Old vs New regime — the decision before you file
In this chapter: Slab-by-slab comparison for FY 2024-25 and FY 2025-26 · Which regime suits which deduction profile · The default regime and the option to switch each year · A simple rule of thumb that gets it right 90% of the time
Since FY 2023-24, the New tax regime (lower slabs, fewer deductions) is the default. The Old regime (higher slabs but allows 80C, 80D, HRA, LTA, home-loan interest, and more) must be actively chosen each year. Salaried filers can switch between regimes freely each year; self-employed filers can switch only once. Choosing the wrong regime can cost ₹20,000-1L+ depending on income and deductions.
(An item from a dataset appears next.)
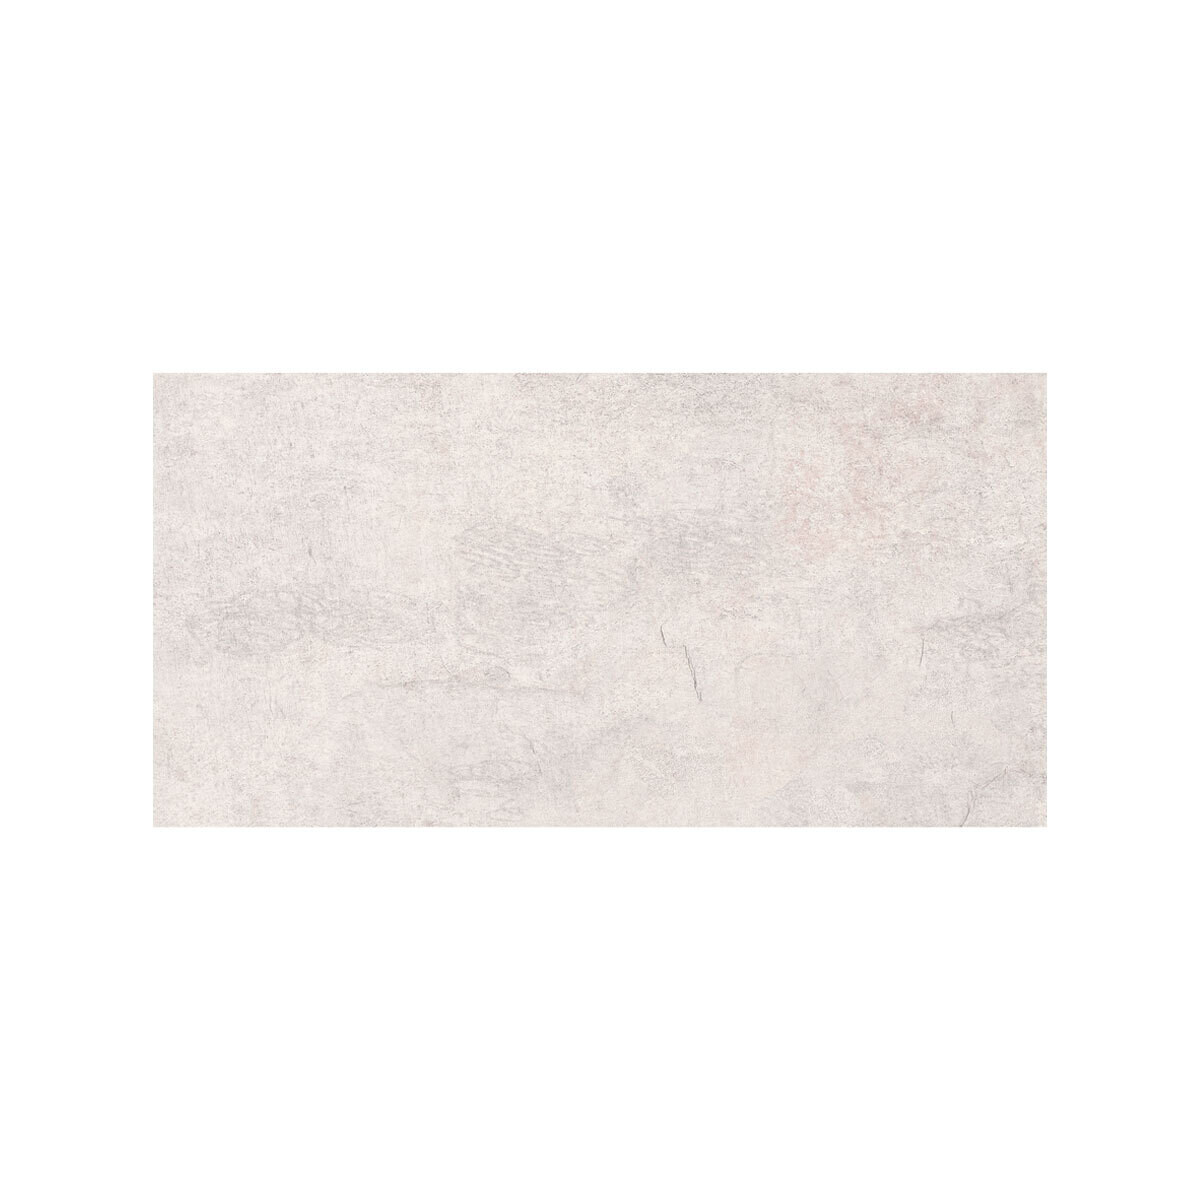 PISO PARED AMADEO BEIGE 30X60

Quick comparison for FY 2025-26 (illustrative, verify current slabs): New regime has slabs starting at 0% up to ₹3L, then graded up to 30% above ₹15L. Standard deduction of ₹75,000 for salaried. Old regime: 0% up to ₹2.5L, 5% to ₹5L, 20% to ₹10L, 30% above. Standard deduction of ₹50,000. The Old regime allows 80C (₹1.5L), 80D (₹25-1L), HRA, home-loan interest (up to ₹2L for self-occupied), and others. The break-even depends on your deductions: if you genuinely use ₹2L+ of 80C/D/HRA/home-loan deductions, Old usually wins. Otherwise New.
The 90% rule: if your total deductions (including HRA, 80C, 80D, NPS, home-loan interest) exceed roughly ₹3.75L for someone in the 20-30% bracket, Old regime tends to win. Below that, New regime wins. Test both on the income-tax department's comparison utility before filing — it is free and gives the exact answer. Also note: the New regime's lower rebate threshold (income up to ₹7L for FY 2024-25 results in zero tax under Section 87A) makes it especially attractive for sub-₹7L incomes regardless of deduction profile.